The Conservative MP for Mid Buckinghamshire Greg Smith has opened up about his family life, free time watching Formula 1, plus his penchant for cooking up a chicken stew or home-made curry.
The father-of-three and former MP for Buckingham was elected to the new seat of Mid Bucks with a majority of nearly 6,000 in the July 4 general election.
Smith was born in the town of Bromsgrove in Worcestershire and most of his family are from Birmingham.
The MP grew up in the West Midlands and attended the historic fee-paying Bromsgrove School, whose alumni include the poet A. E. Housman, former deputy prime minister Michael Heseltine, and Dire Straits bassist John Illsley
Smith tells the Bucks Free Press: “This gives me quite the insight into just how bad the new government’s policy for VAT on school fees is.”

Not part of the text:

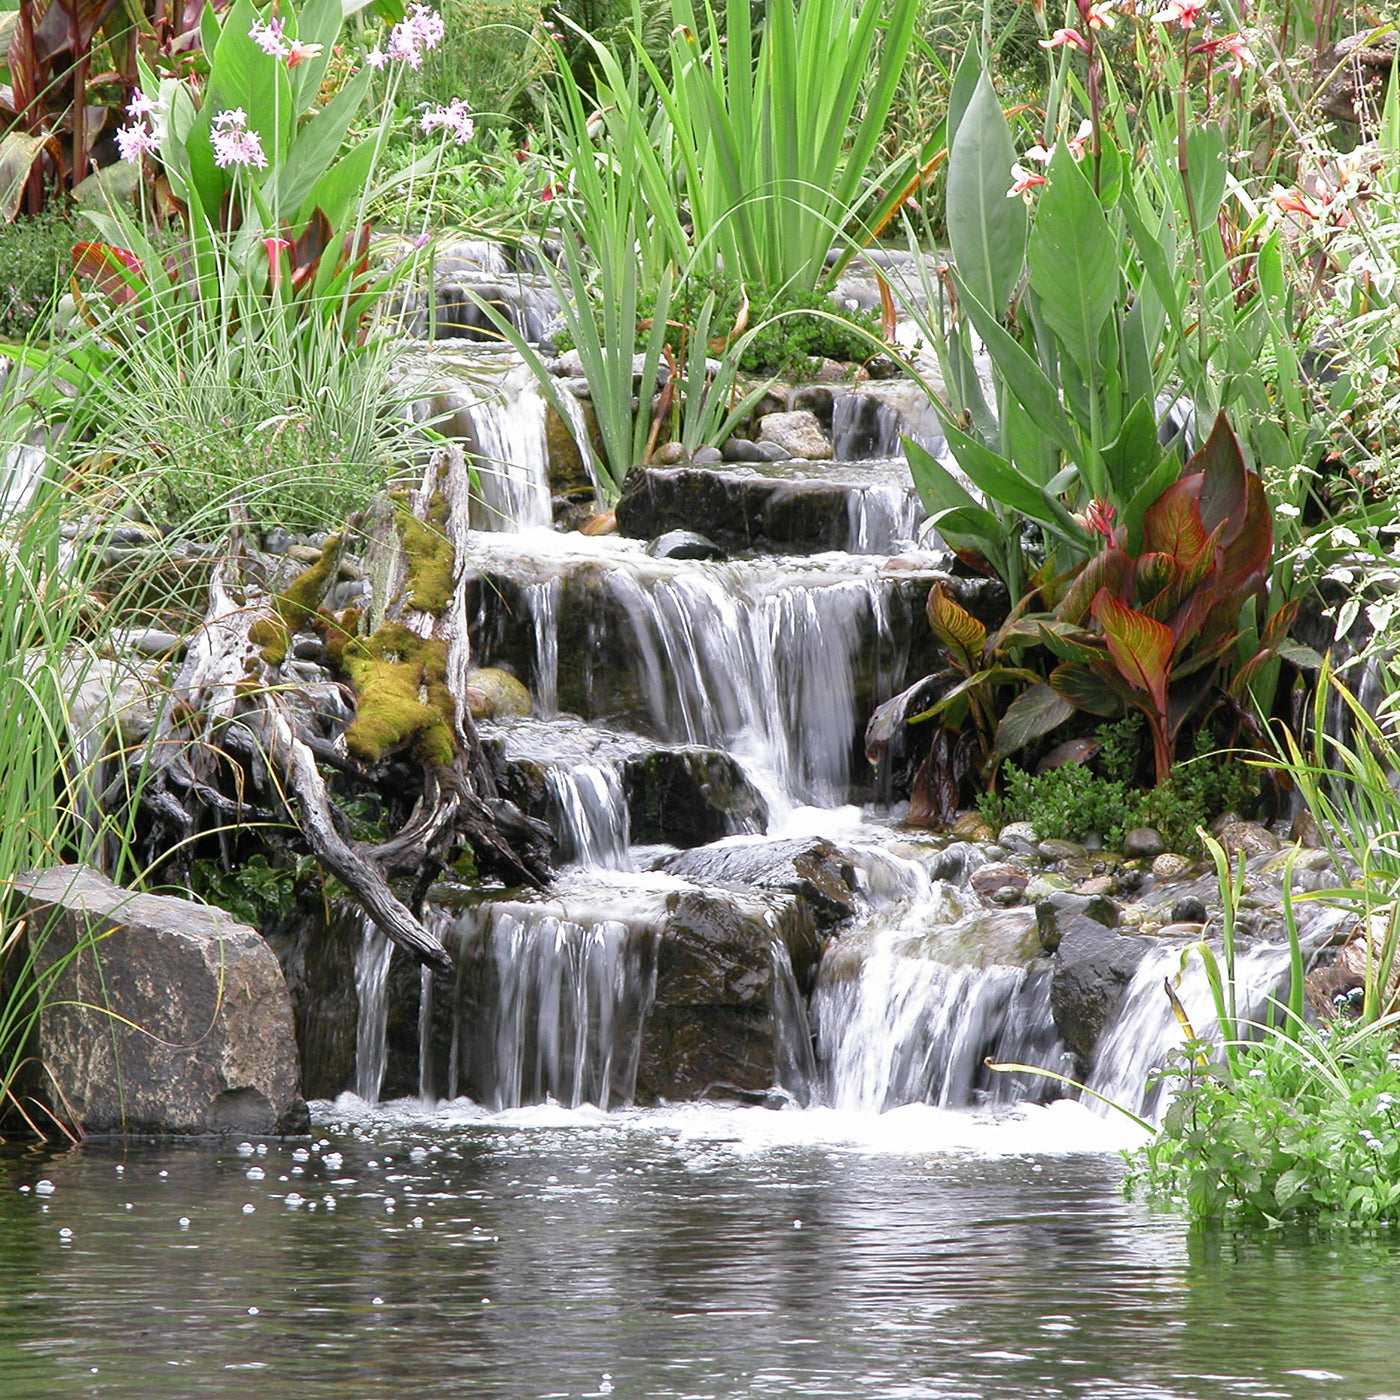 Large multi stepped waterfalls into a pond with blooming plants - built by Russell Watergardens using a custom pond kit

READ MORE: New Mid Bucks MP Greg Smith on Green Belt, Wycombe Hospital, HS2 and Tory leadership
The MP refers to the Labour Party’s plans to add 20 per cent VAT to independent school fees as soon as January.
He continues: “I am not from wealth. I am not from a poor background either. There is no rags to riches tale or anything like that.
“But I am not from a wealthy background, my mum was an early years teacher in the state sector and my dad was a policeman.”
Smith explains that he had a ‘comfortable’ middle class upbringing but insists that there was ‘not money slopping around’.
He adds: “My parents took a decision when I was eight that they wanted to send me to a private school and mother spent every single penny of her salary on the fees for that and we lived off my dad’s police salary.
“There’s lots of parents that send their kids to private school from that position, where if you suddenly up the fees by 20 per cent, they won’t be able to afford it anymore.”
The MP says Labour’s new tax would have barred his parents from sending him to private school.
After school, Smith went onto graduate from the University of Birmingham with a degree in political science, which in many ways he ‘regrets’.
“It bears no resemblance to reality, and I really wish I had done a history degree,” he says.
The MP later moved to London to start a career and launch a business, which he ran for 15 years.
He worked in print, design, and marketing across the manufacturing, medical technology, and charity sectors.
When Smith and his wife Annalise’s third son was on the way, they upped sticks to a larger home in Chearsley, where the MP says he and his family are ‘very happy in village life’.
“When we started having children, my wife and I knew we wanted to bring the children up in the countryside, so we moved to Wendover initially,” Smith says.
By October 2019, the MP had been selected to stand as the Conservative candidate for the now-abolished seat of Buckingham and was elected there in December.
In his free time, Smith, a lifelong McLaren supporter, enjoys watching Formula 1, 2, 3 and 4 and is a classic car enthusiast, although he ‘cannot afford one’.
But the MP spends most of his free time with his sons, often at some of the playgrounds and soft play areas in his constituency.
“They miss daddy in the week,” he adds, “My ability to be home for bedtime is zero when the House of Commons is sitting.”
He said: “Saturday and Sunday nights I can normally manage it [bedtime stories and bathtime for his children,” he says, “In the week, voting finishes at 7pm, 7:30pm in Westminster, so there is no physical way I can be back in Buckinghamshire for their bedtime.”
Smith says he still finds time to do some of the cooking at the weekend though.
“I am quite good at a few dishes,” he says, “I’m pretty proud of my chicken and chorizo stew – more of a winter dish than for right now. We’ll regularly try and do a curry from scratch.”
But Smith avoids the ‘fancy restaurants’ in the House of Commons, preferring to ‘dart into the cafeteria’ for quick bite to eat in between his work.